It bears noting that while many are concerned about the increased
risk suggested by these studies, the overall incidence of such harms
is low enough that infertile couples have not been deterred in their
efforts to conceive using IVF or ICSI. Indeed, ART clinicians (and
in some cases the authors of these studies)53
advise their patients that such data should not dissuade them from
pursuing infertility treatment.
ICSI has raised specific concerns among some observers largely for
the same reasons that it has proven so successful as a means of
fertilization. Because ICSI circumvents the ovum’s natural
barrier against sperm otherwise incapable of insemination, some
suspect that removing this barrier may permit a damaged sperm (for
example, aneuploid or with damaged DNA) to fertilize an ovum, resulting
in harm to the child-to-be. Some male ART patients have a gene mutation
or a chromosomal deletion that renders them infertile. If a sperm
can be retrieved from one of these patients, he may be able to conceive
a child via ICSI. However, this could mean that the genetic abnormality
would be passed on to the resulting child. For example, two thirds
of men with congenital bilateral absence of the vas deferens (rendering
them unable to ejaculate) carry certain cystic fibrosis gene mutations.

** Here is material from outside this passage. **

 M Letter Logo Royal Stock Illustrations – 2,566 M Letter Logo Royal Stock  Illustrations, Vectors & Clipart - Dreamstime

ICSI may permit these men to overcome their infertility, but the
resulting child will (in 50 percent of the cases) bear this gene
mutation. Similarly, another form of male factor infertility characterized
by a very low sperm count is associated with a particular Y-chromosome
deletion. The use of ICSI in such cases risks the transfer of this
chromosome deletion to the resulting child, rendering any male child
infertile, and, according to some studies, at risk for sex-chromosome
aneuploidy. Additional studies have associated the use of ICSI with
an increased incidence in novel chromosomal abnormalities and mental
developmental delays. 54
Finally, it is a matter of concern that there have not been many
longitudinal studies analyzing the long term effects of ICSI on
the children born with its aid. The Belgian group that pioneered
ICSI has collected a database that details neonatal outcome and
congenital malformations in children conceived through ICSI.55
There do not seem to be any ongoing or published studies of this
kind investigating the effects of ICSI beyond the neonatal stage.
Many adjuncts to the fertilization and transfer process raise similar
safety concerns for the children born as a result.xvi
The enormous variation in the success rates of among ART clinics—a
most important but little-known fact—suggest that differences
in culture media and gamete isolation and processing may play a
role. Factors such as culture conditions and length of time in culture
may also affect the development of the child-to-be.56
Specifically, some authorities claim that differences in salt or
amino acids in the culture media can affect gene expression. Other
commentators have raised safety concerns about co-culturing embryos
with ovarian cancer cells. Additionally, one researcher notes that
the process of extended culture in mice (for example, permitting
extended embryo development prior to transfer) can cause imprinting
problems and yields a higher rate of identical twins. 57
Other adjuncts to fertilization and transfer are probably not risk-free.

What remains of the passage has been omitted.